The lecture, which became known simply as ‘The Indonesian Character’ [Manusia Indonesia] (or by the title of the English translation, ‘The Indonesian Dilemma’), was Mochtar Lubis’s intellectual tour de force, delivered with characteristic brashness and encapsulating his particular analysis of his society and its politics. Even more than in a newspaper editorial or a literary work, in this lecture he distilled for his audience in a single presentation the breadth of his concerns about the direction he saw society heading and the struggle that would be necessary to rectify it.
The polemic
Public lectures in the Jakarta Cultural Centre rarely generated much press coverage.

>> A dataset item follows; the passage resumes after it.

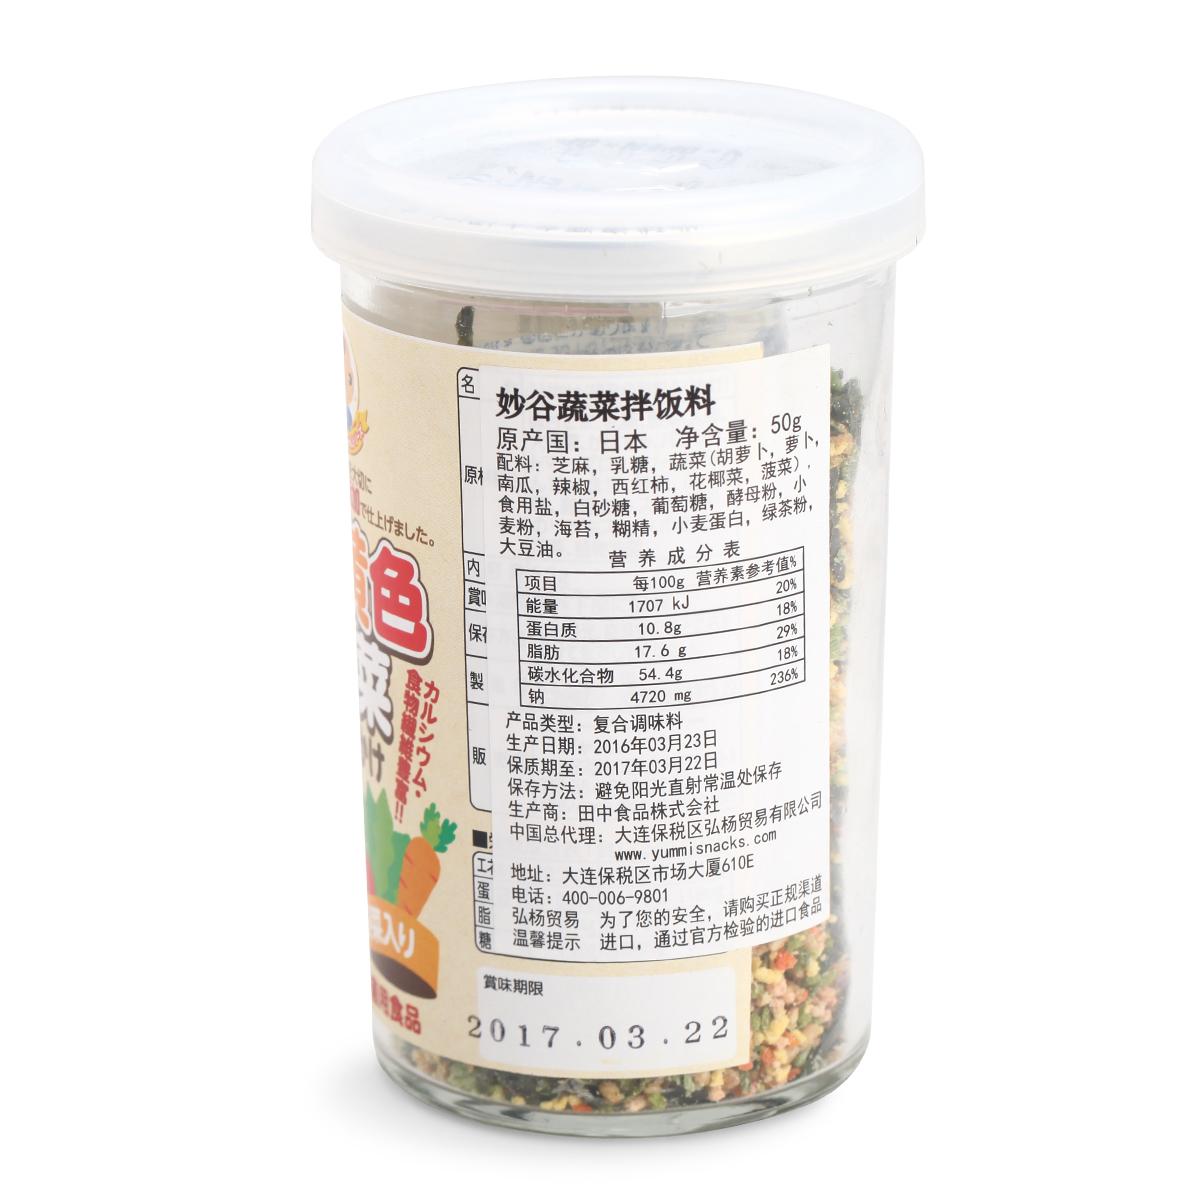 日本妙谷辅食调味进口调味品低盐蔬菜拌饭料

Occasionally reported in the literary or cultural columns of the inner pages, few made the headlines or opinion pages. Yet, Mochtar Lubis’s talk triggered a wave of front-page reports, detailed summaries and a polemic that peppered the prestigious ‘features’ pages and ‘letters to the editor’ for weeks.6
Most respondents praised his frankness, recognising Mochtar7 for the iconoclast he was. Others sought to correct his assumptions. There were many critics. One aging Javanese aristocrat was offended by Mochtar’s criticisms of feudalism, his ‘misunderstanding’ of noblesse oblige and his representation of Javanese culture.8 Another chided Mochtar for blaming the nation as a whole for the shameful behaviour of those who had exploited their powerful bureaucratic and military positions for financial gain. Mochtar’s approach was likened to foreign ‘Orientalists’ whose depreciatory assessments of local people supported the colonial power. There was no justification, the correspondent argued, in thinking that ‘the attributes of the Indonesian character are different from the attributes of people anywhere else in the world’.9
Subservient behaviour in the community does not mean Indonesians are characteristically feudalistic, a respected social psychologist argued, for such behaviour arises from the pattern of power relations into which people are pressured, responding to structural causes. He argued that Mochtar had not looked beyond ‘those who, in their daily lives, had the opportunity to come directly face to face with influences coming in from outside, in relation to development and modernisation. They live in the large cities and consist of government officials, wealthy businesspeople, intellectuals and others of the elite, as well as their families’. Mochtar had also failed to recognise that the ‘vast majority of Indonesians are farmers, and workers who are industrious, persevering, resolute in the face of the challenges of nature, appreciating moral values, upholding religious values and respecting honesty and courage’.10 Other respondents recognised that ‘the common people could not possibly be corrupt, laze about, not take any responsibility and the like’, arguing instead the political system was the root cause of the characteristics Mochtar described.11
Mochtar’s propensity for overstatement appeared partly intended to provoke debate, but to a degree public responses exposed biases inherent in Mochtar’s perceptions of his society. He was a middle-class, urban, cosmopolitan professional, whose experience as an investigative journalist and editor had earned him considerable social capital and prestige, while also laying bare for him the excesses of the Indonesian political elite. A secular humanist, he believed in the power of the individual, striving for a common good, to bring about social change. Despite the strength of the criticisms he directed at his fellow Indonesians, his was a fundamentally positivist and individualist analysis of his nation’s challenges. Not known for his subtlety or restraint, Mochtar’s composite ‘national character’ was largely devoid of such variables as class, religion, ethnicity and gender.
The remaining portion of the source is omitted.